What to work on: Copy the listing below exactly. Pictures stay out of it.

Data provided:
□ □ □ □

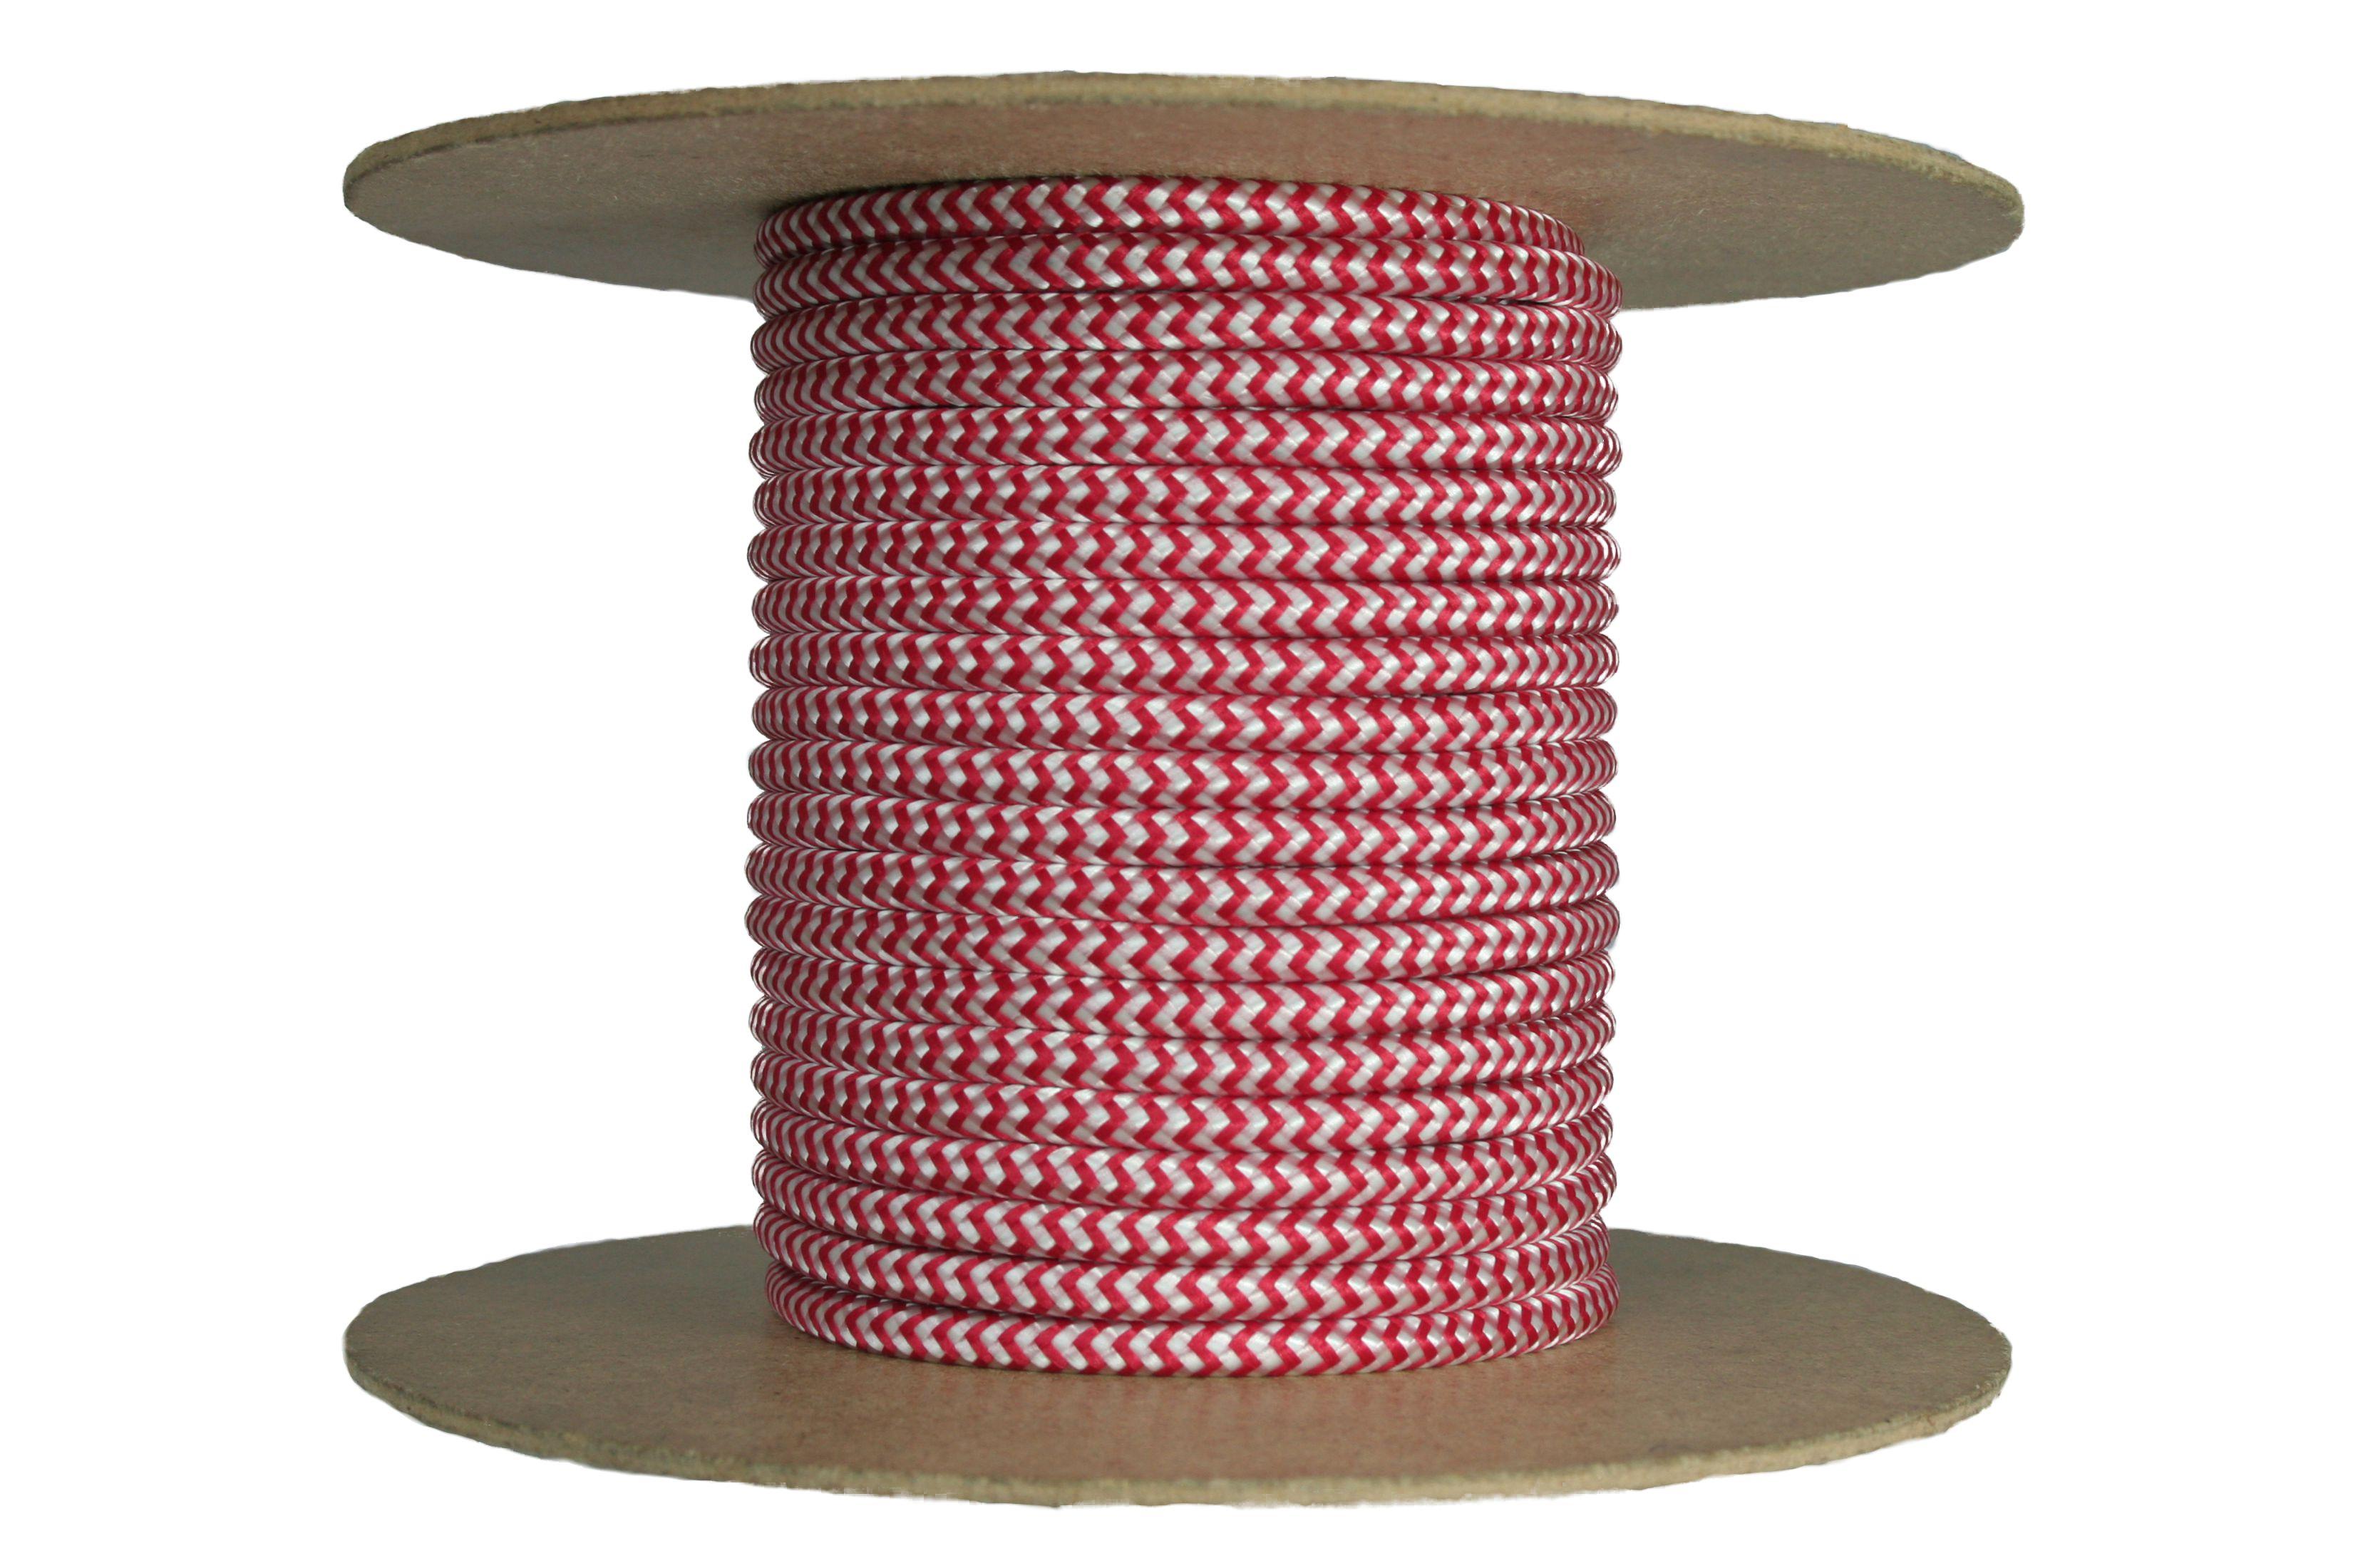 Oplot na kablach JD0103
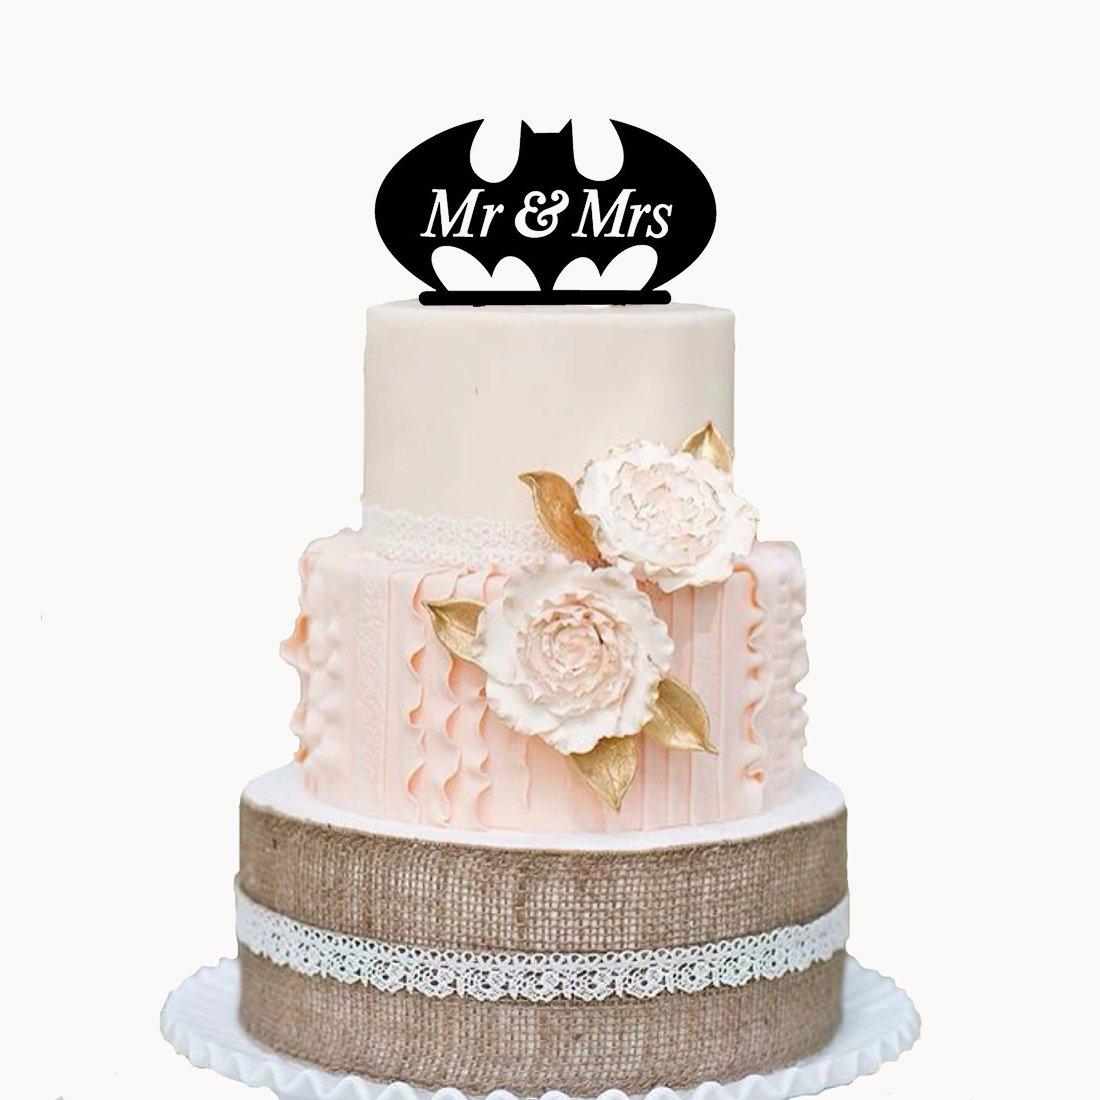 Cheap Bat Cake, find Bat Cake deals on line at Alibaba.com
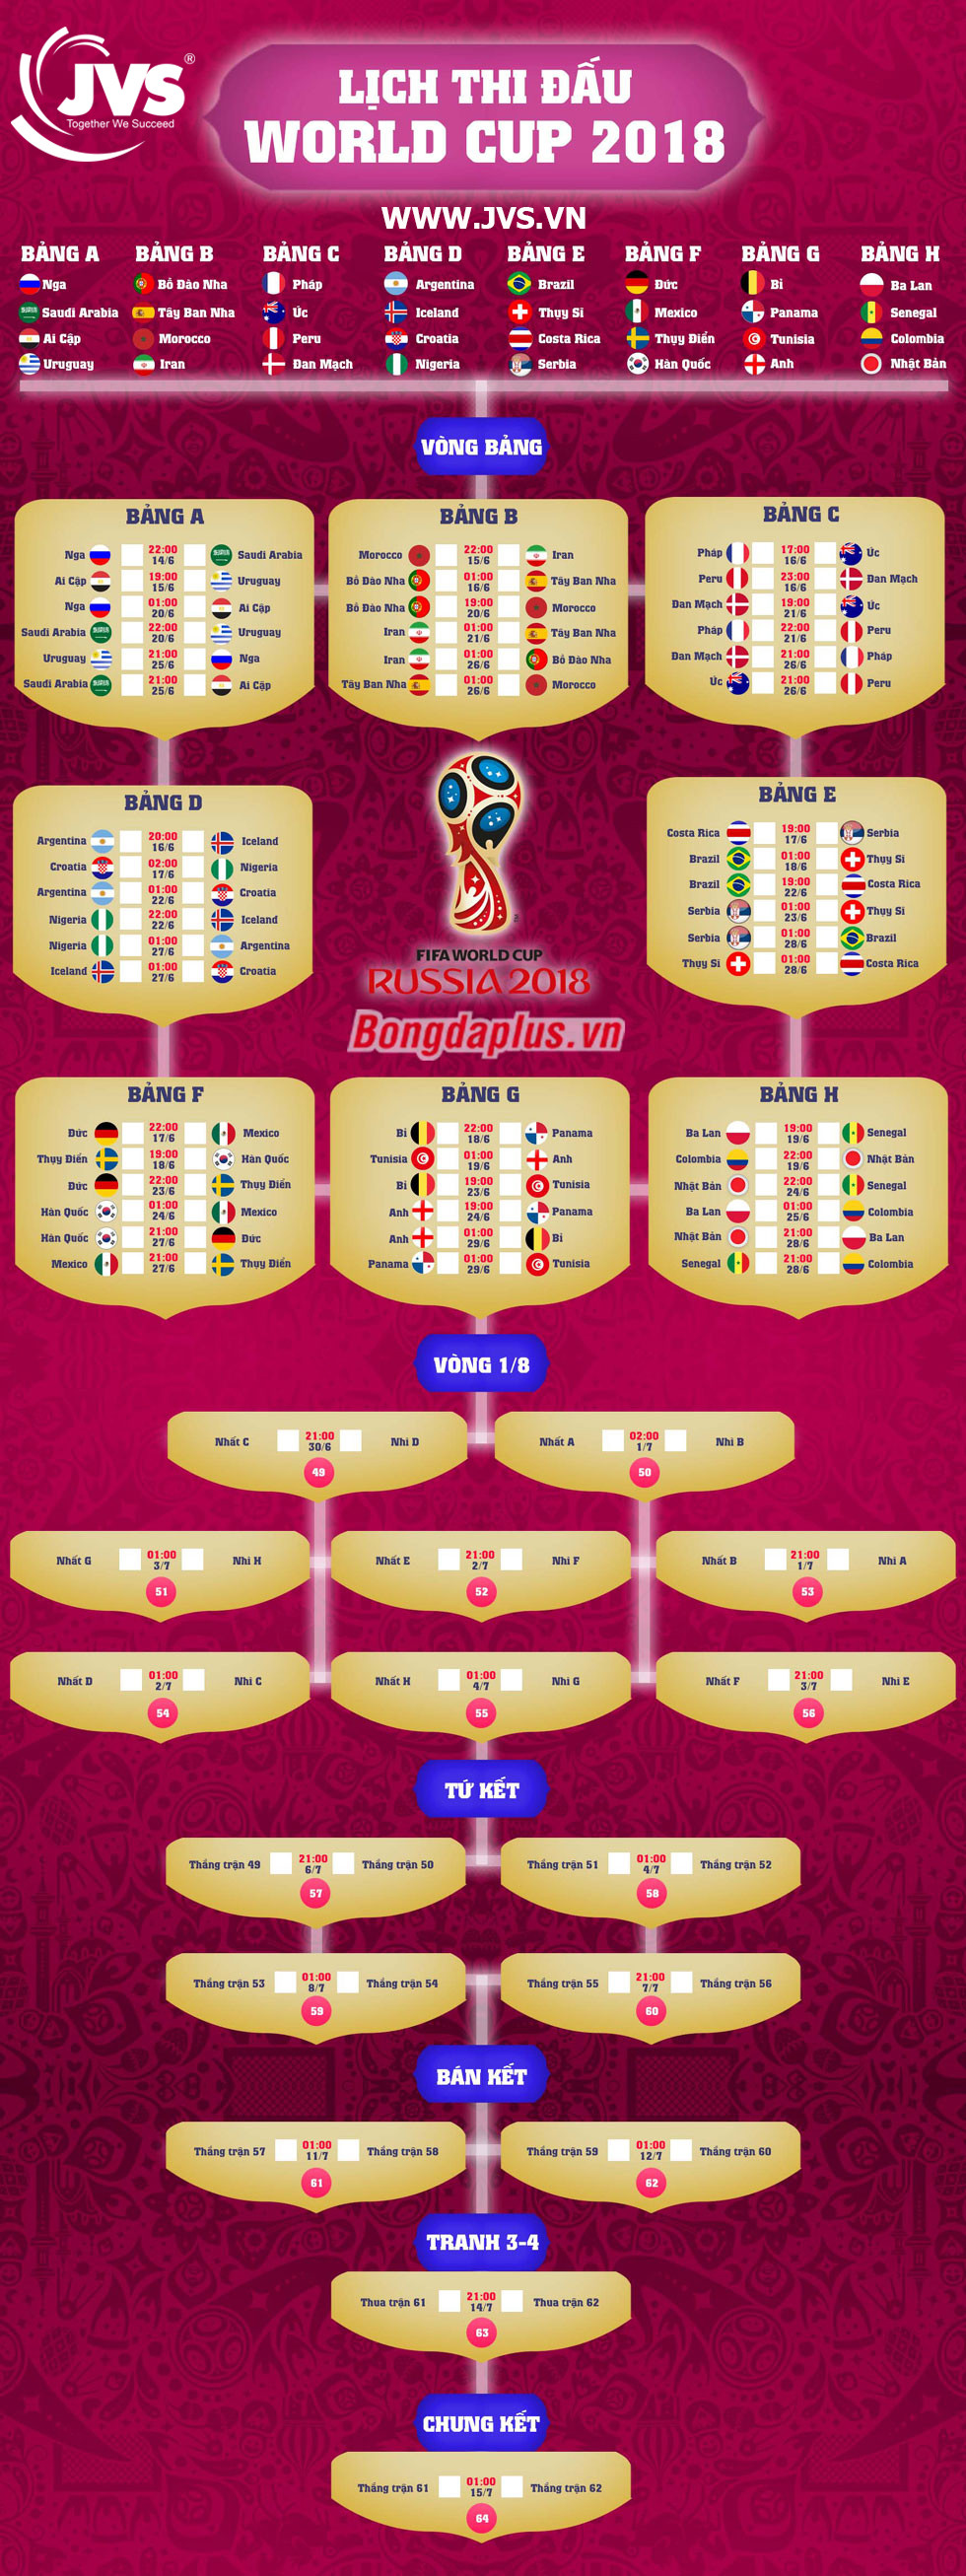 Lịch thi đấu World Cup 2018 file Excel

□ □ □ □

Answer space:
 Oplot na kablach JD0103
 Cheap Bat Cake, find Bat Cake deals on line at Alibaba.com
 Lịch thi đấu World Cup 2018 file Excel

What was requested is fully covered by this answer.